Editions classifies every article into your topics using on-device machine learning. We benchmarked six embedding models across 70 labeled articles from three RSS feeds to find the right one. Here's what we learned.
When you create a focus like "Climate Change" or "Local News", Editions needs to decide which of your incoming articles belong there. It does this by computing an embedding — a compact mathematical fingerprint of meaning — for both the article and the focus label, then measuring how similar they are.
The choice of embedding model matters. A better model means you see the right articles in the right topics. A worse one means you're manually re-sorting articles the system should have caught.
We tested six models — three small (384 dimensions, ~23–33 MB) and three medium (768 dimensions, ~67 MB) — to find which one earns its place on your server.
30 articles across overlapping categories — gadgets, gaming, AI, deals. The hardest test: is this review about hardware or entertainment?

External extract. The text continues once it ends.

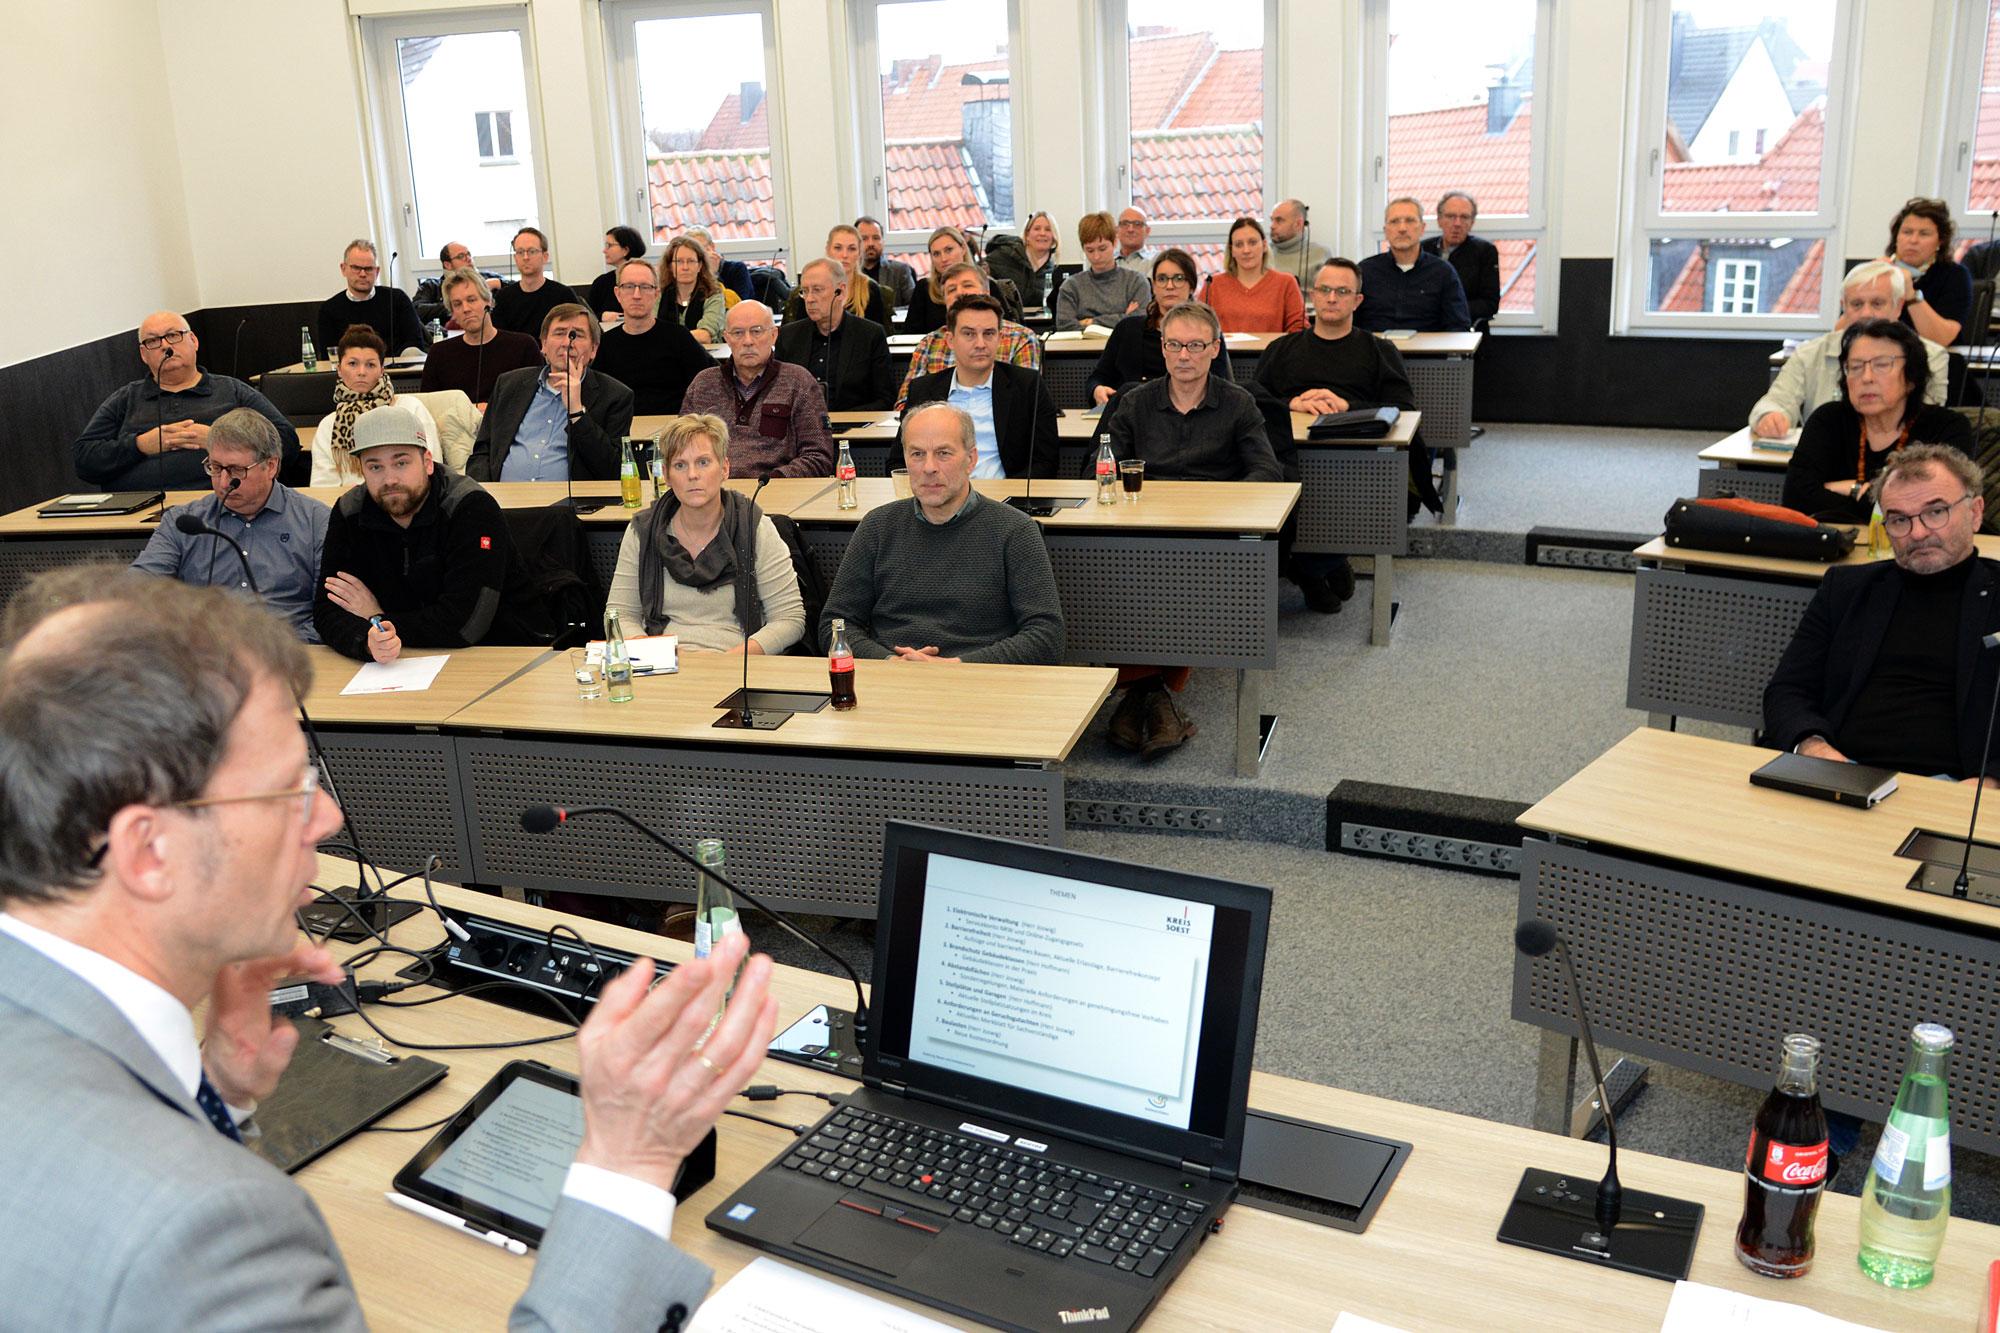 Michael Joswig, Abteilungsleiter Bauen und Immissionsschutz, begrüßte im Sitzungssaal des Kreishauses fast 70 Architekten und Bauingenieure. (Foto: Kreis Soest)

20 articles with more distinct topics — science, security, EVs, policy. Cleaner category boundaries.
20 articles on clearly separable geopolitical topics. The easiest test — but validates the system works at all.
Every article was labeled by hand: for each topic, does this article belong? Yes or no. An article about an AI-powered gadget might be labeled "yes" for both Gadgets & Hardware and AI & Machine Learning.
We then ran each model against these labels, found the optimal confidence threshold per topic, and measured precision (how many predicted matches were correct) and recall (how many true matches were found).
F1 score measures the balance between precision and recall — the higher, the better. We averaged F1 across all topics and feeds for each model.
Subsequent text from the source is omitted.